Available data:
• • • •
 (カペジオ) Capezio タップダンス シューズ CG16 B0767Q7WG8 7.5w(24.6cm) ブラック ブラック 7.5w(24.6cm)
• • • •
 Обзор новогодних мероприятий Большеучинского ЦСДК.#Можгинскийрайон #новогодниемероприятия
• • • •
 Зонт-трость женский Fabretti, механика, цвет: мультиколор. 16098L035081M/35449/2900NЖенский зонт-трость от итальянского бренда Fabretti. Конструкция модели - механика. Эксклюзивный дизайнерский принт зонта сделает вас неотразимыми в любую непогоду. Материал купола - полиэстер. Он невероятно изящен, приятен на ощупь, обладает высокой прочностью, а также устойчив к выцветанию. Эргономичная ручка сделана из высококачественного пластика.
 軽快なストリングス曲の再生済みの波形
• • • •
Task prompt: From the entries above, write out only the lines starting at the line that holds "Зонт-трость женский Fabretti, механика, цвет: мультиколор." and ending at the line that holds "軽快なストリングス曲の再生済みの波形", keeping both and matching them exactly.

Answer box:
 Зонт-трость женский Fabretti, механика, цвет: мультиколор. 16098L035081M/35449/2900NЖенский зонт-трость от итальянского бренда Fabretti. Конструкция модели - механика. Эксклюзивный дизайнерский принт зонта сделает вас неотразимыми в любую непогоду. Материал купола - полиэстер. Он невероятно изящен, приятен на ощупь, обладает высокой прочностью, а также устойчив к выцветанию. Эргономичная ручка сделана из высококачественного пластика.
 軽快なストリングス曲の再生済みの波形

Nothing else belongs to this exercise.